BBC: Norwich City scored three goals in the final 25 minutes to beat play-off rivals Watford and move to within four points of the top two.

BHappy: Much has been made of the limited number of chances that we made throughout, but our defence had looked solid and Norwich’s compact shape cost them in terms of the number of bodies they were able to commit forward. Frankly, if anyone was going to score it was us but you would have been reckless to put money on that for all of our attacking riches.  So…  the award of the penalty was both unexpected on any number of levels and absolutely fundamental to the outcome; like ourselves City had barely had any controlled possession in the final third but Hoolahan put his head down and ran, and then fell over.  The referee gave the penalty, Gomes went the right way and got down well but the kick was right in the corner.  It hadn’t looked like a penalty, and the Hornets’ frustration with an official whose control on the game had been fingertip since the first whistle nearly boiled over.  We’d nullified City’s threat, there seemed no prospect of them scoring and the decision to award the penalty changed the game; newly invigorated, the visitors had no cause to deviate from the sit-deep-and-break approach that so many have tried before, if rarely as effectively.
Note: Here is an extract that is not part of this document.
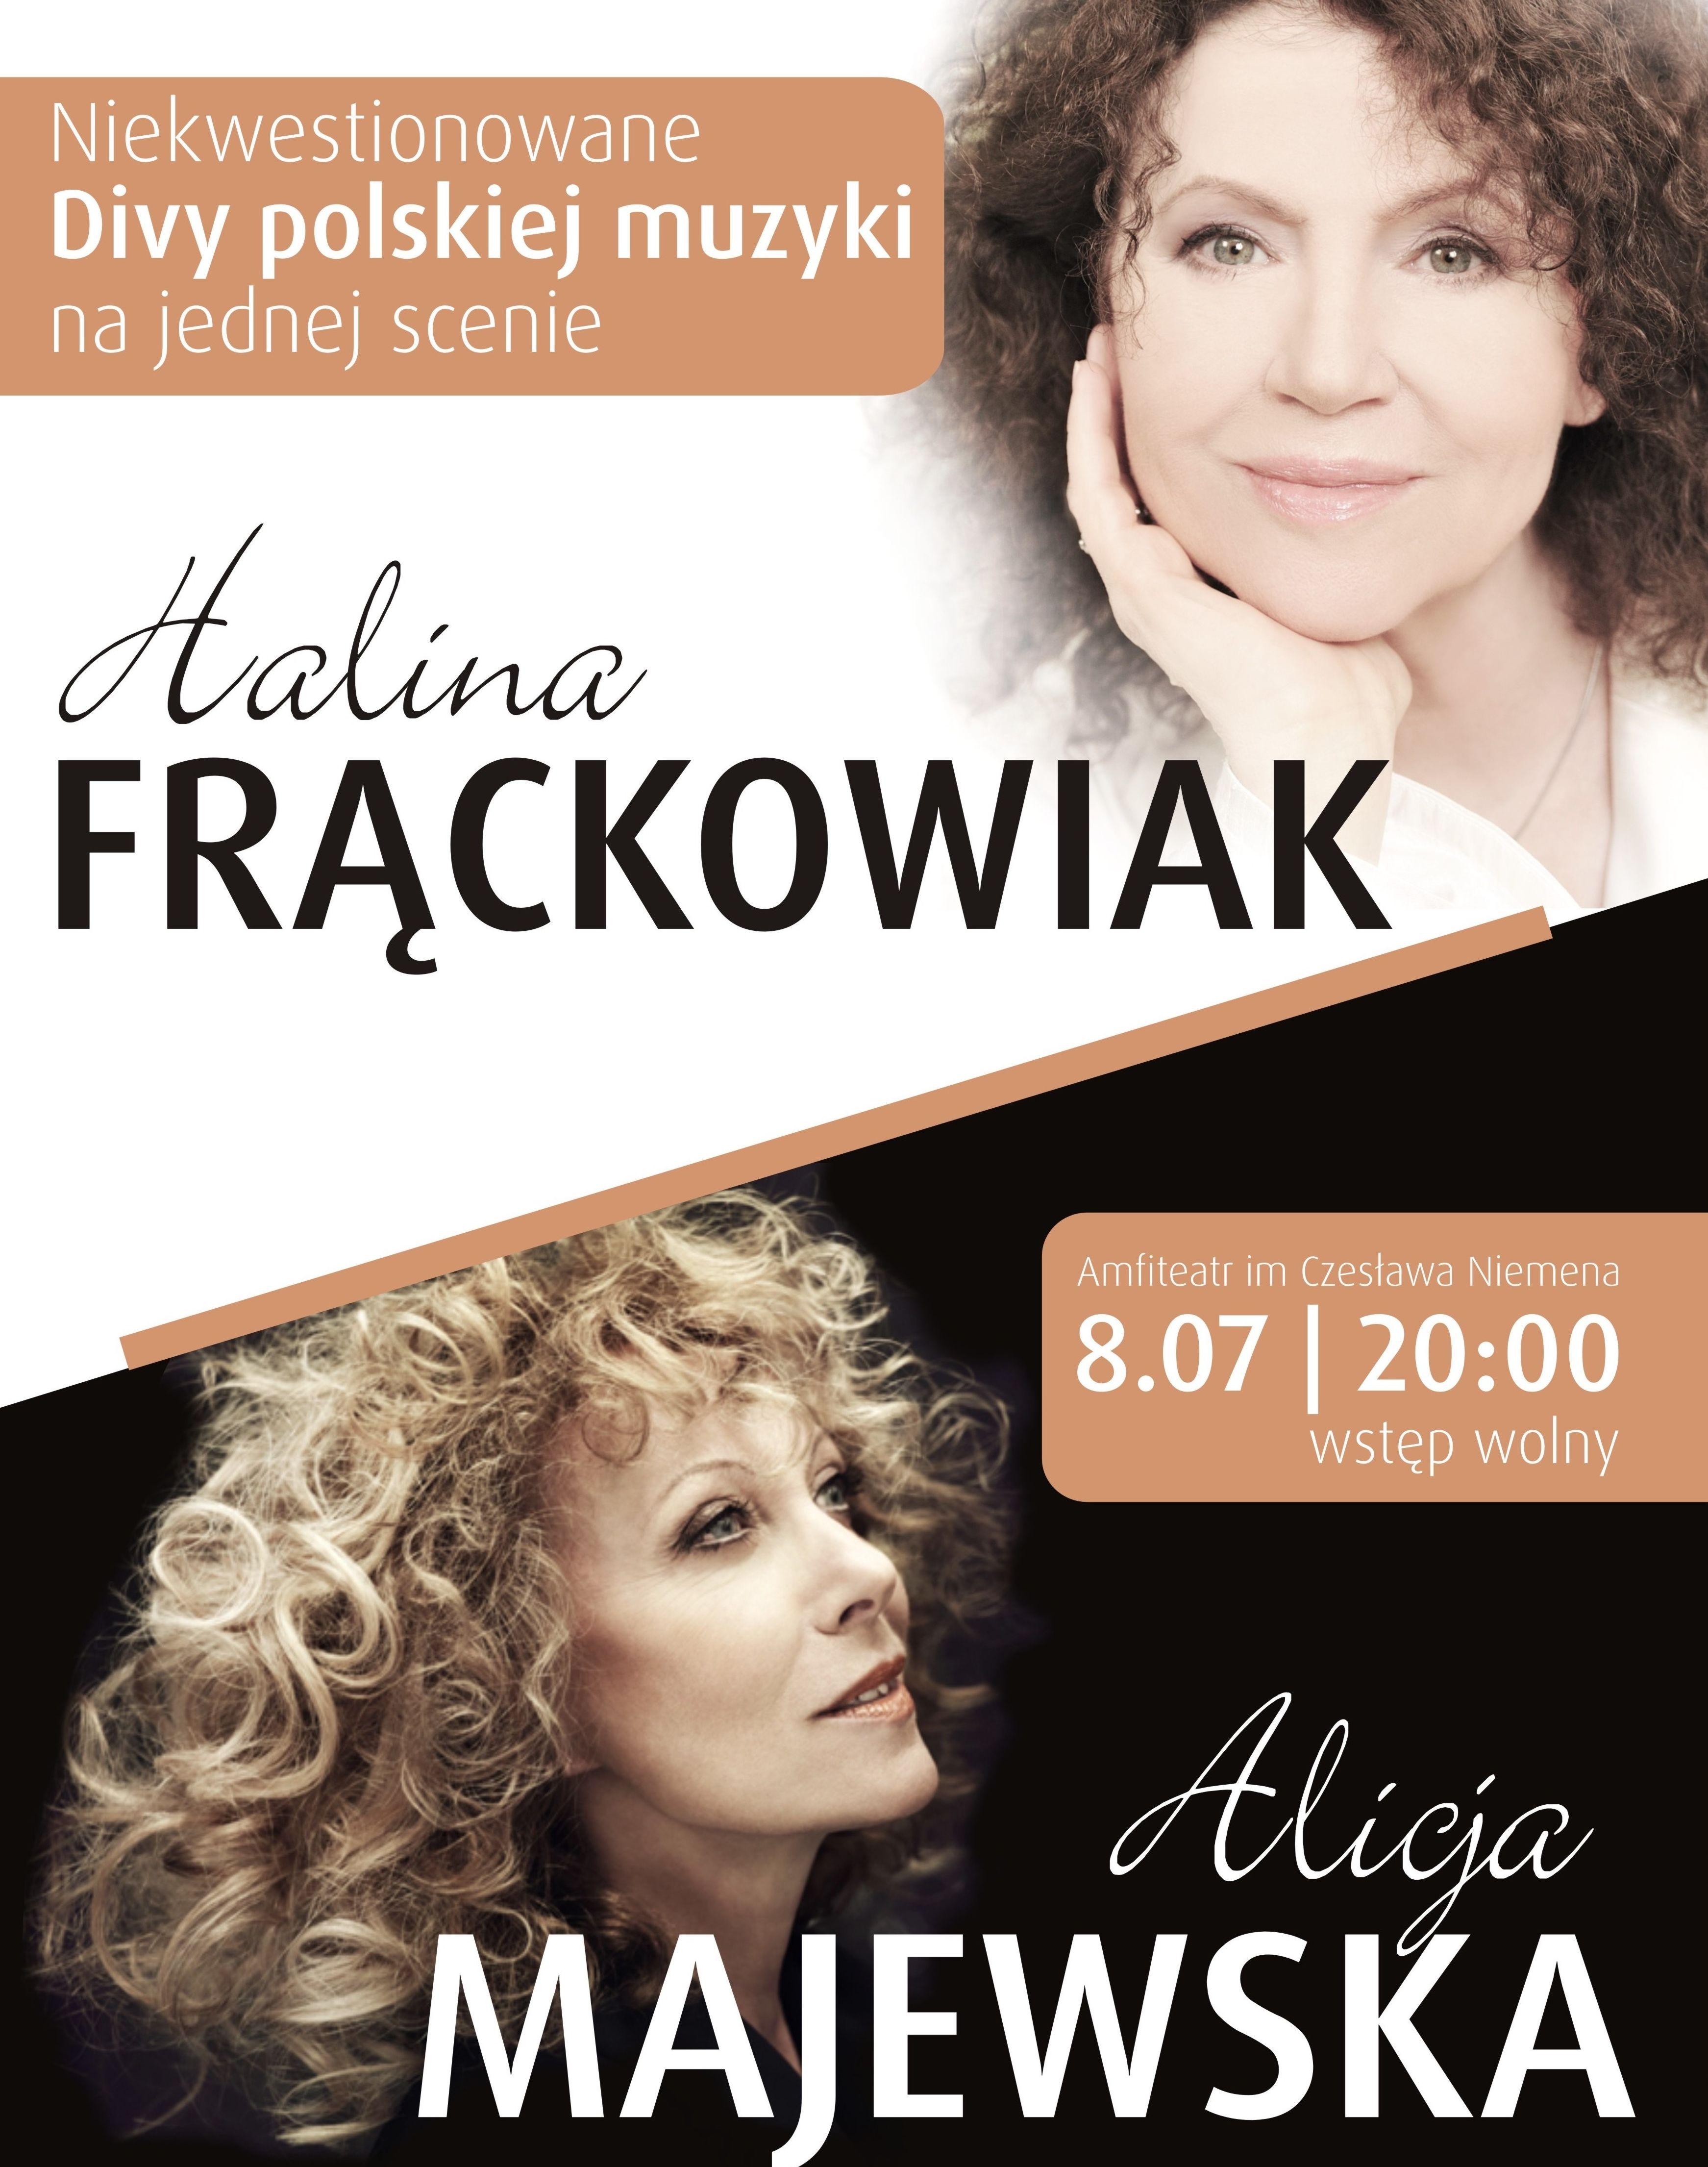 Diwy polskiej estrady na jednej scenie w Olsztynie

Fran’s Watford Blog: There were no boos at the final whistle, mainly because those who indulge in such behaviour had set off for home some time beforehand.  After some terrific performances in the last few weeks, it is difficult to be critical.  The penalty that shouldn’t have been was definitely a turning point, but it was disappointing that we capitulated rather than fighting back as we did at Bolton and Brentford.  Norwich came to disrupt our play and we allowed them to do so a little too easily.  The scoreline flattered the visitors, but we barely had a shot on goal so didn’t deserve anything from the game.  Thankfully, we have another home match on Tuesday in which to get this out of our system.